While Canadians have access to a slew of U.S. TV shows from Black creators like Scandal, Empire, Dear White People and Black-ish, local TV dramas and movies written by and starring Black Canadians are rare. Among exceptions currently on Canadian TV is the CBC legal drama Diggstown, created by Floyd Kane and picked up stateside by BET+.
The Canadian industry has made gains in gender equality, but not for Black or Indigenous women, the Women in View 2021 study concludes, and has not lifted film and TV sets beyond box ticking to achieve the wider purpose of the Black Lives Matter movement in the wake of George Floyd’s killing a year ago.

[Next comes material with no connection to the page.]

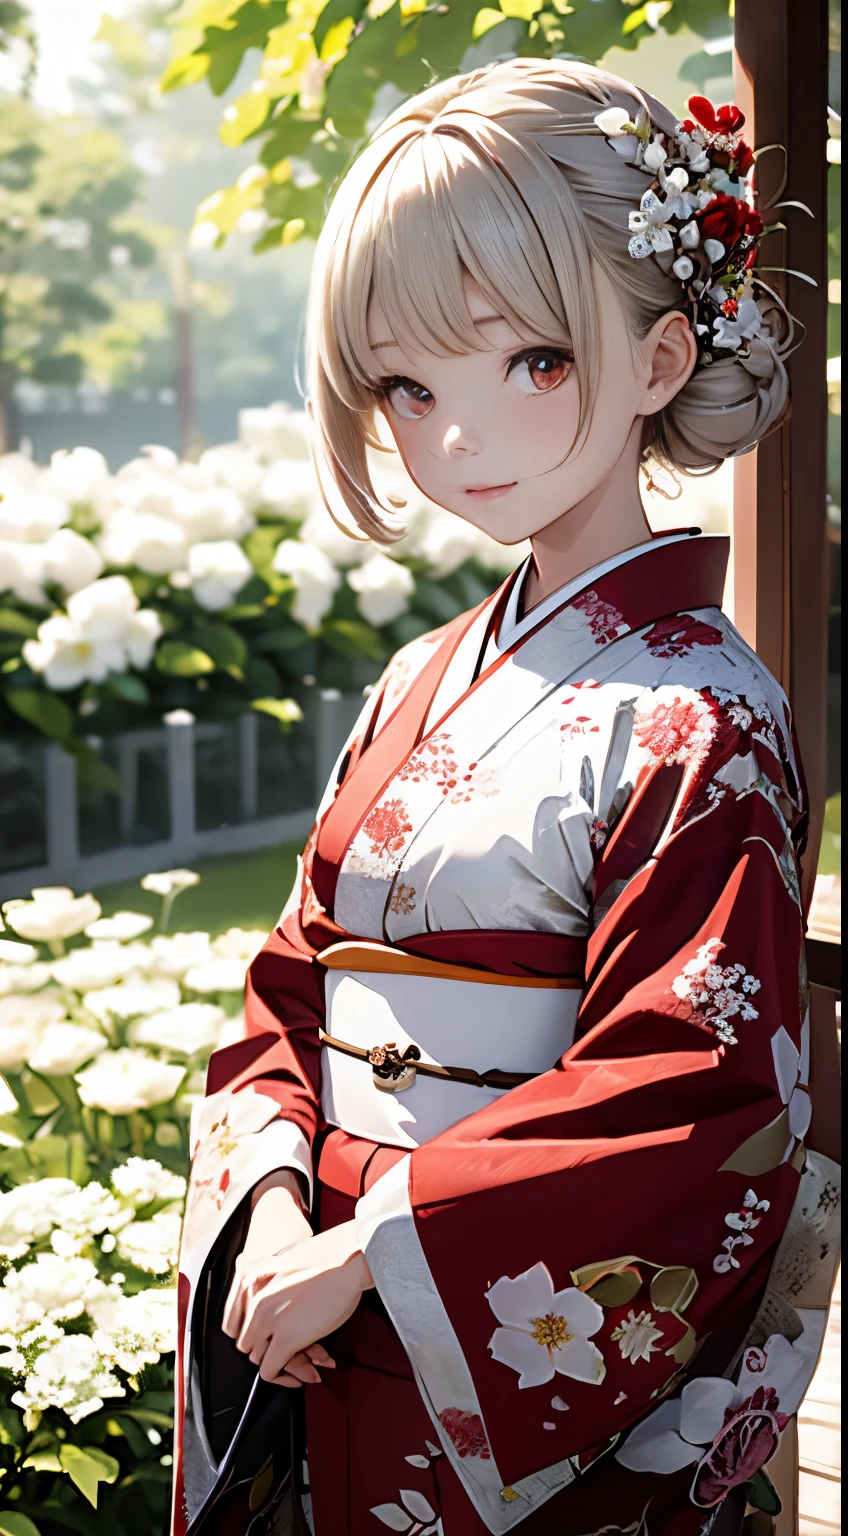 The background is a world of white flowers、Best Quality, masutepiece, High resolution, (((1girl in))), sixteen years old,Red Eyes、Dark red kimono、((Dark red floral kimono)), Tindall Effect, Realistic, Shadow Studio, Red lighting, dual-tone lighting, (High Detail Skins: 1.2) Digital SLR, Photo, High resolution, 4K, 8K, Background blur,Fade out beautifully、The background is a world of white flowers

“I hope seeing these numbers is a wake-up call to the entire industry that Black women, Indigenous women and Women of Colour are consistently being left behind. Gender equity cannot be celebrated when we are shut out of key creative roles,” Nathalie Younglai, founder of BIPOC TV & Film, said in a statement as the Women in View 2021 study was released.
“We need to keep pushing for real change that is inclusive, equitable and intersectional. Even if it means those in power have to step aside to make room for those of us who have been historically excluded for so long,” Younglai added.